## EXERCISE:
Make an exact copy, from the records below, of the lines from the line containing "Dark silhouettes of" to the line containing "[Final/HP]Shyvana The Half-Dragon", both lines included, excluding pictures.

## EXTRACTED ENTRIES:

========================================================================

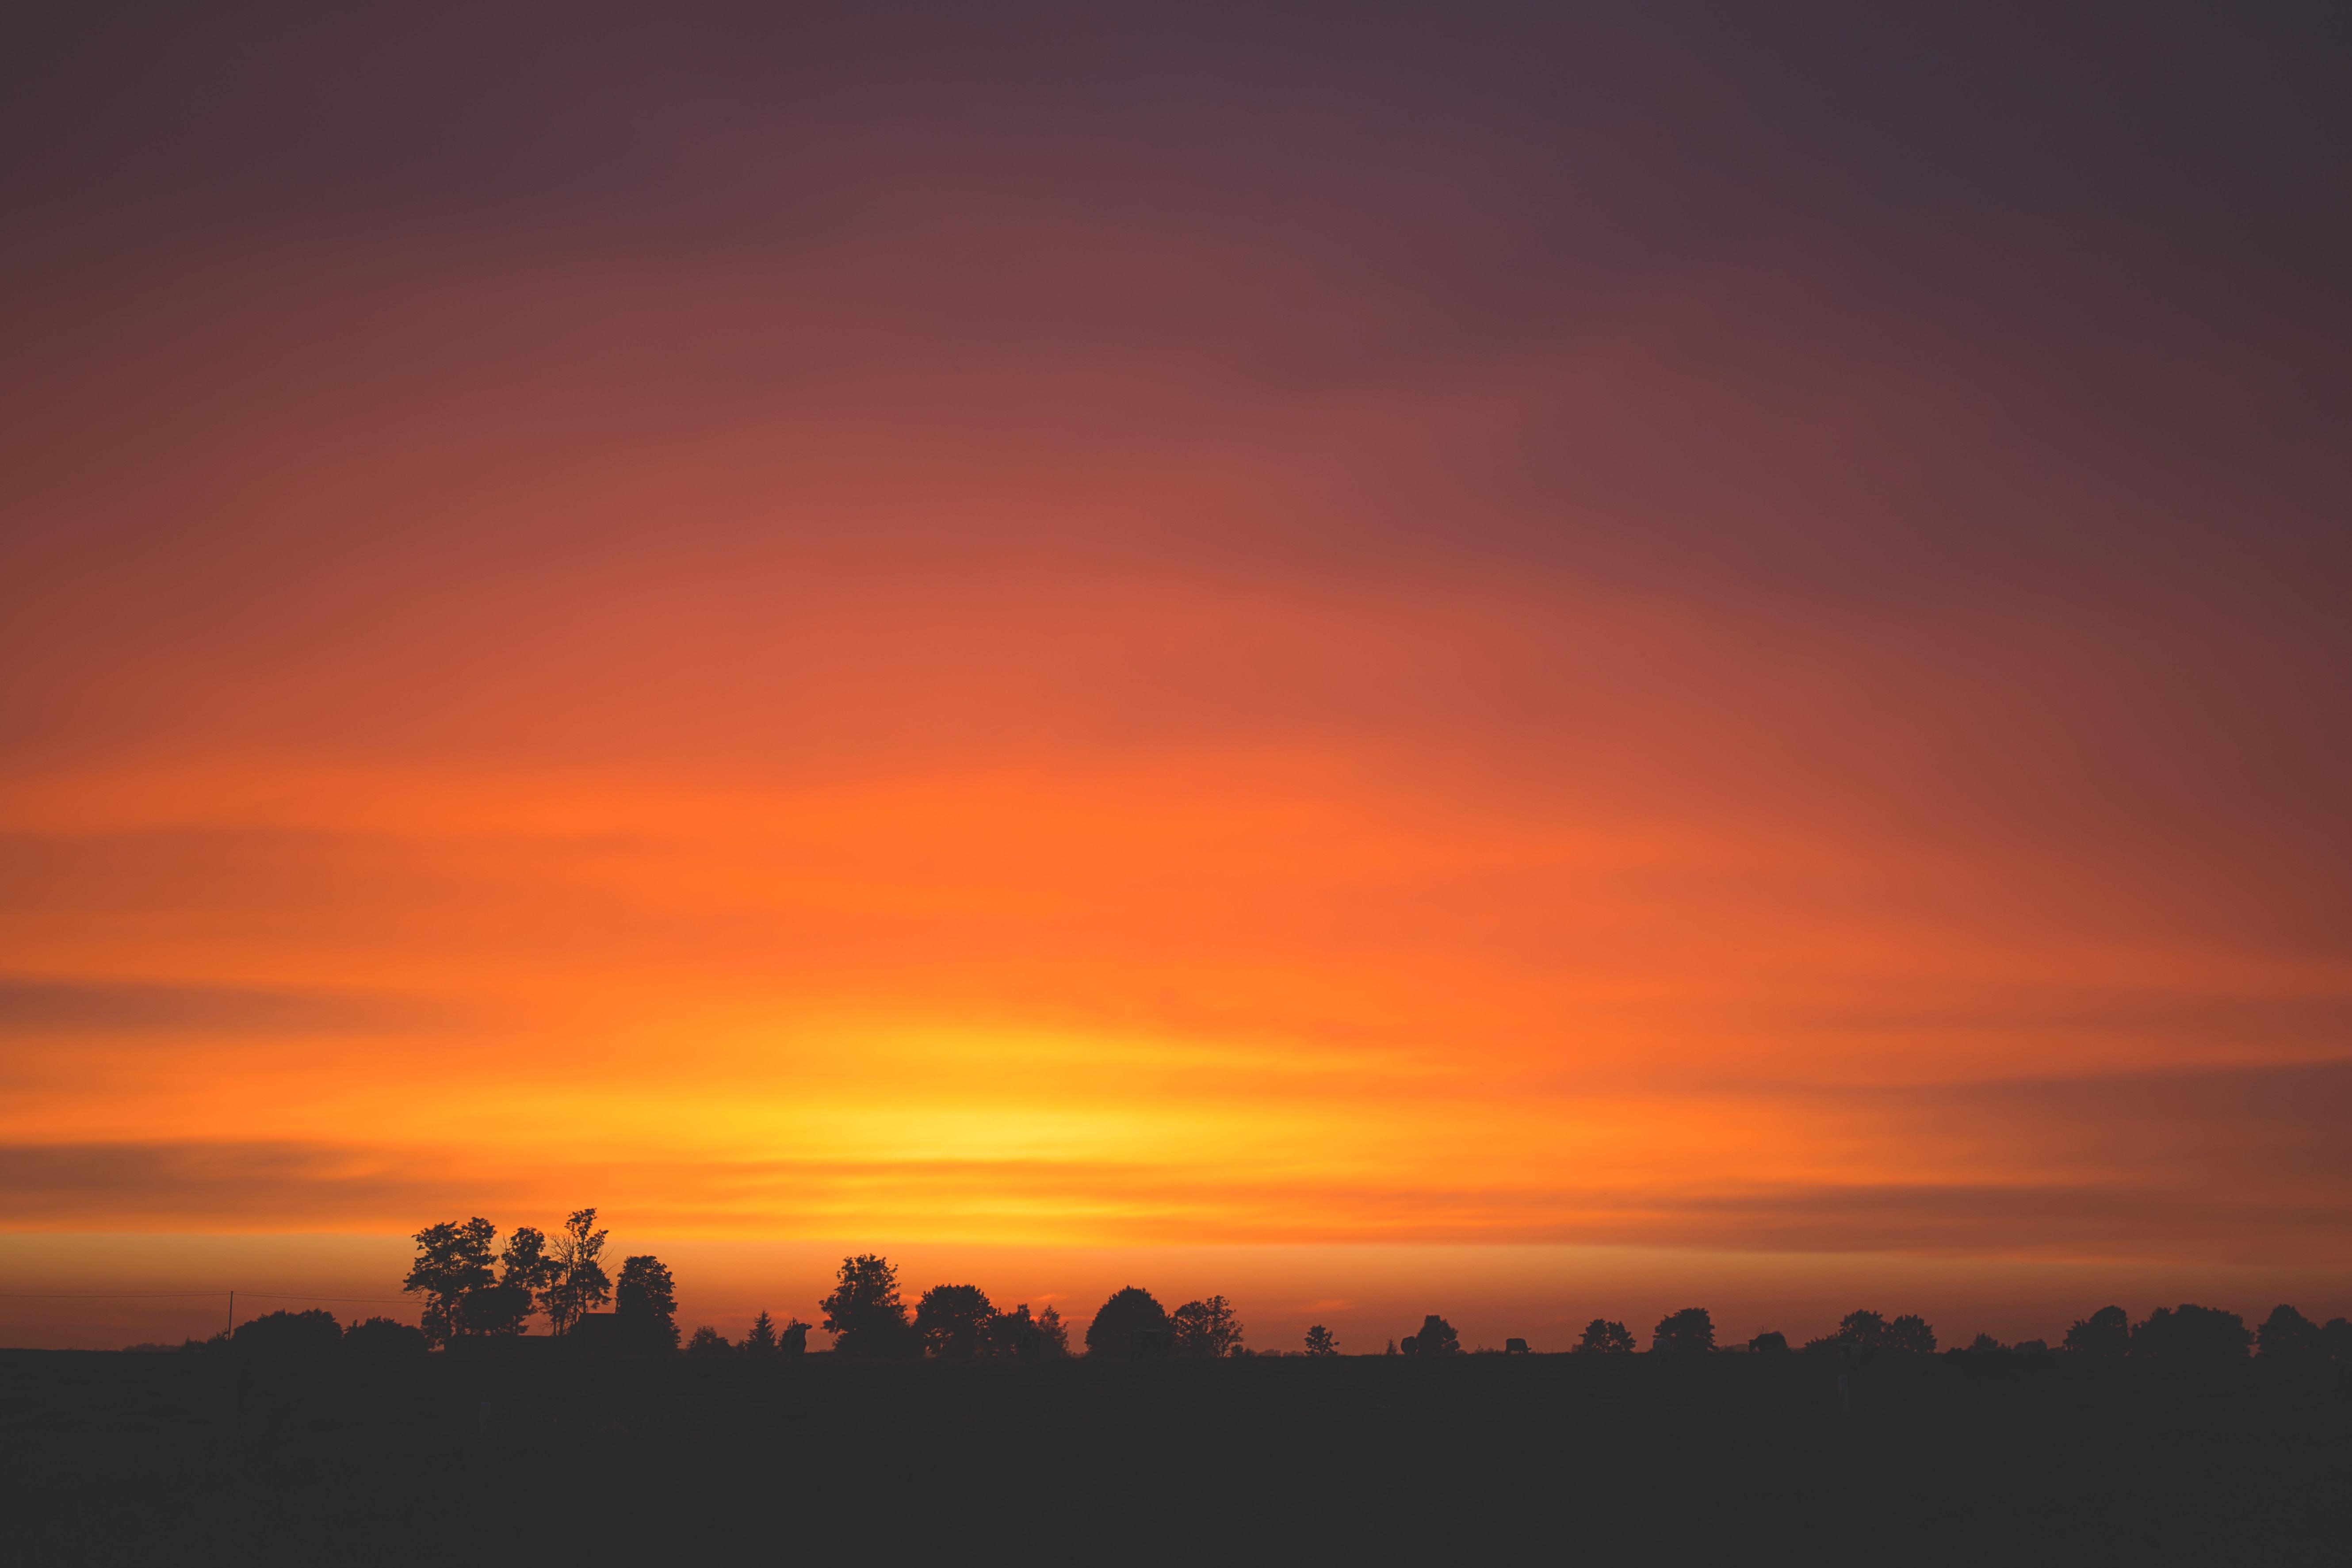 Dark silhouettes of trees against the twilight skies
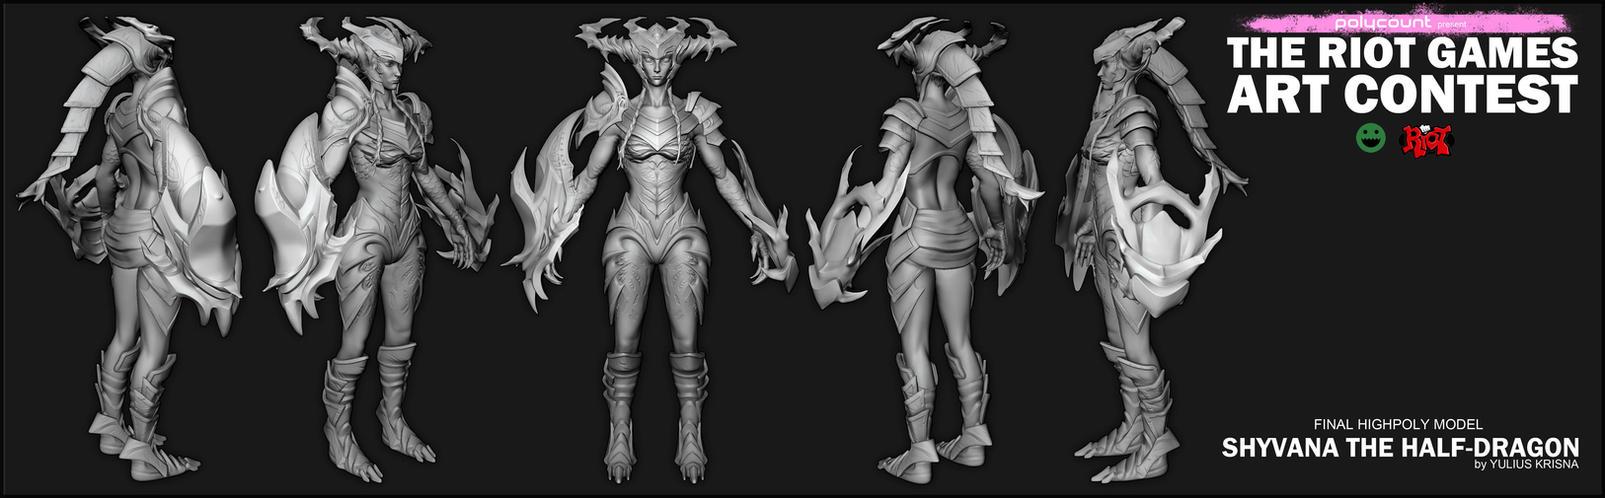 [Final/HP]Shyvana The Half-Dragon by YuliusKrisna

========================================================================

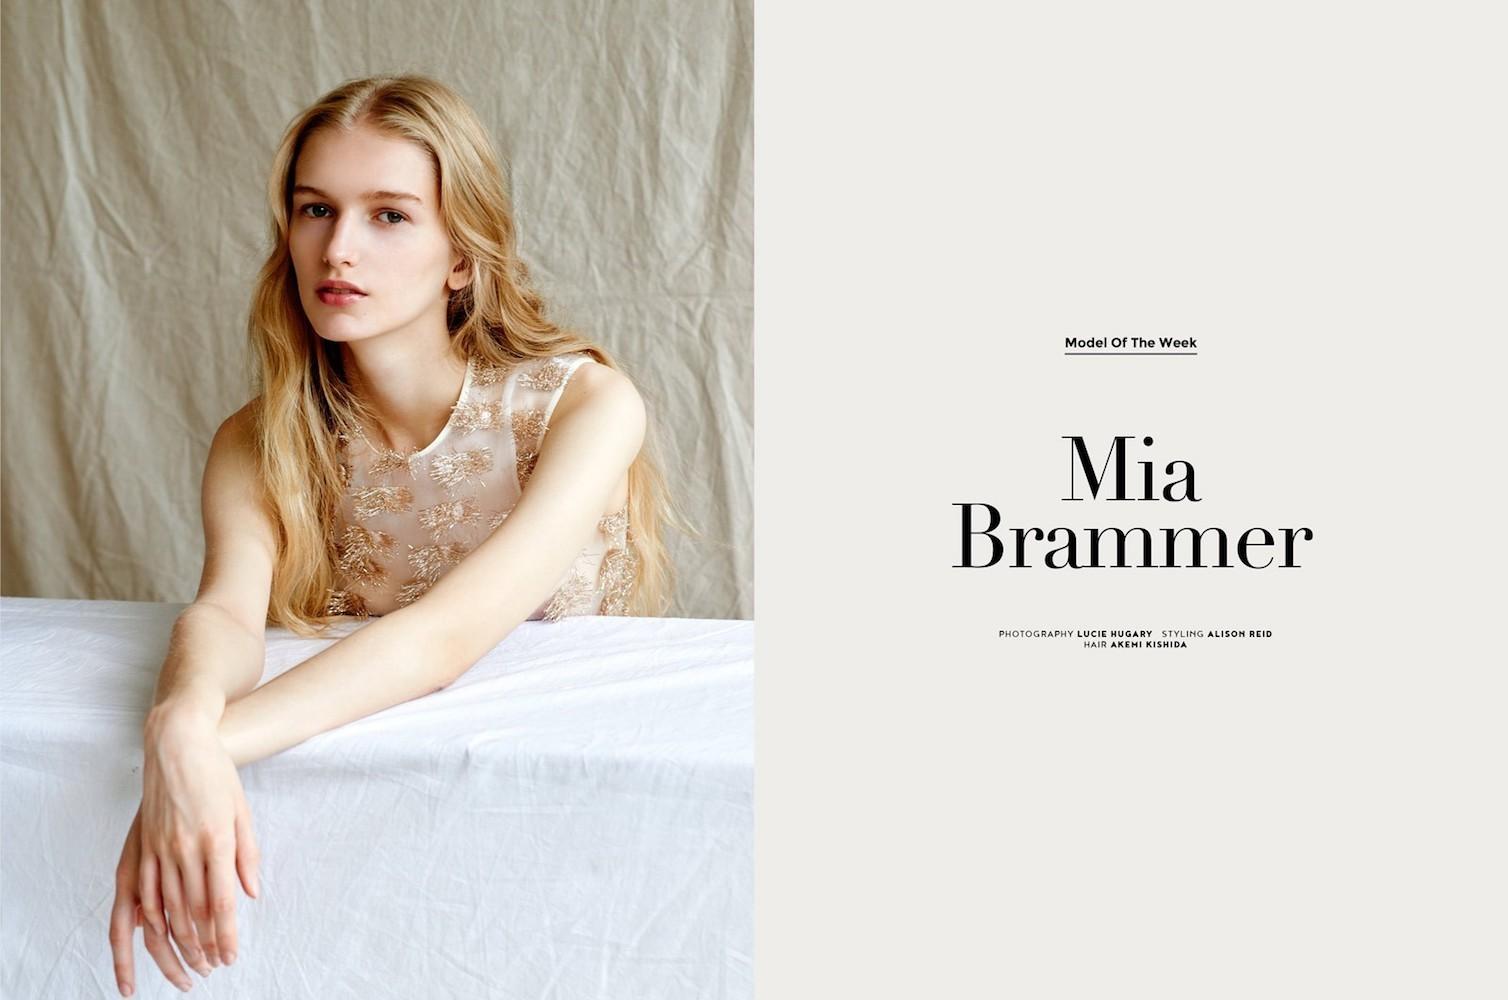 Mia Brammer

========================================================================

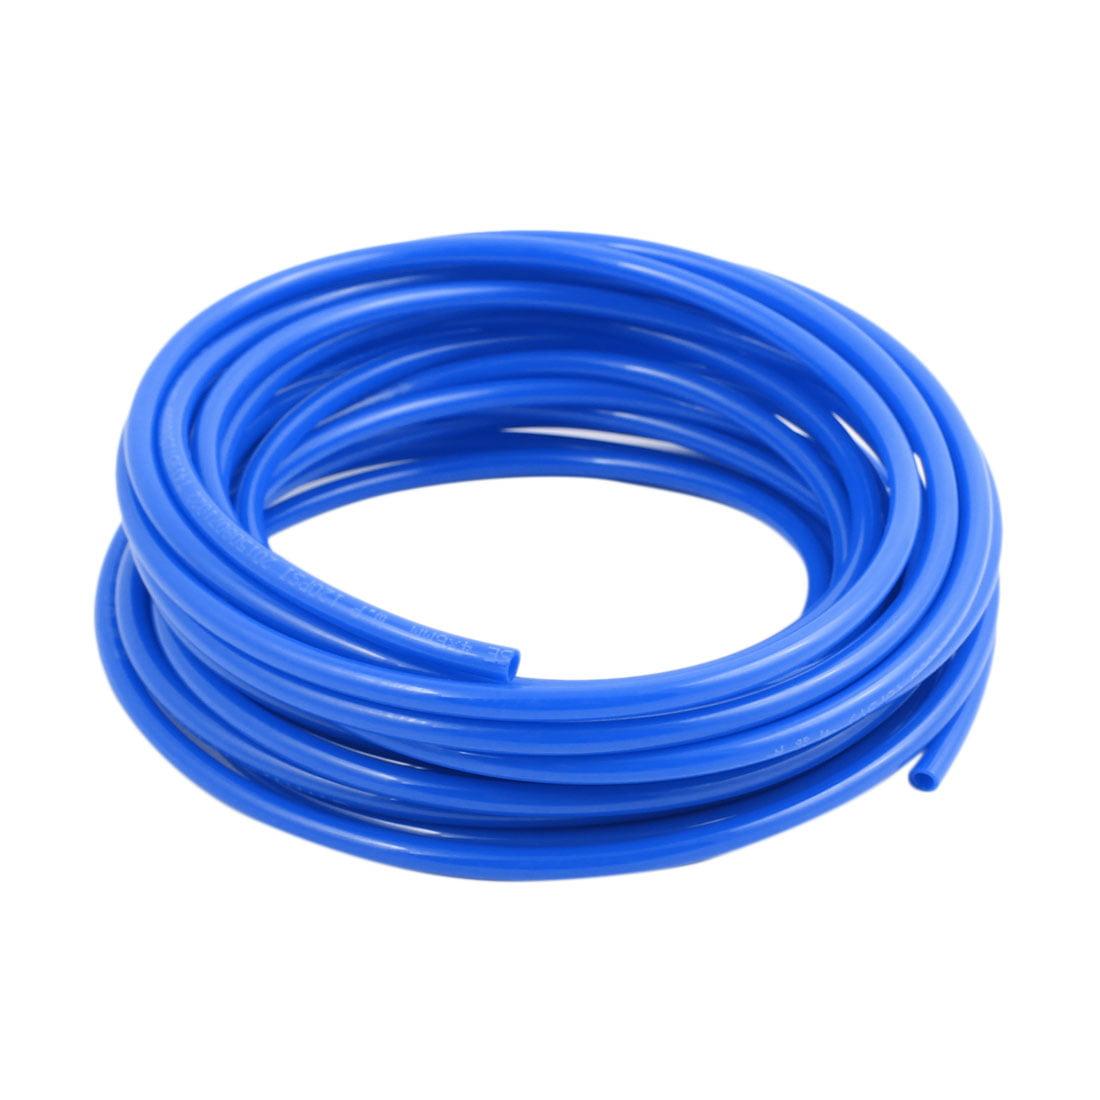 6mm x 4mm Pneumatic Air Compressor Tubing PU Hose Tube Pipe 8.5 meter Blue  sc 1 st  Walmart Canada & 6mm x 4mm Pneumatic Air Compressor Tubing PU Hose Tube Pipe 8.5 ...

========================================================================

## PROBLEM SOLUTION:
 Dark silhouettes of trees against the twilight skies
 [Final/HP]Shyvana The Half-Dragon by YuliusKrisna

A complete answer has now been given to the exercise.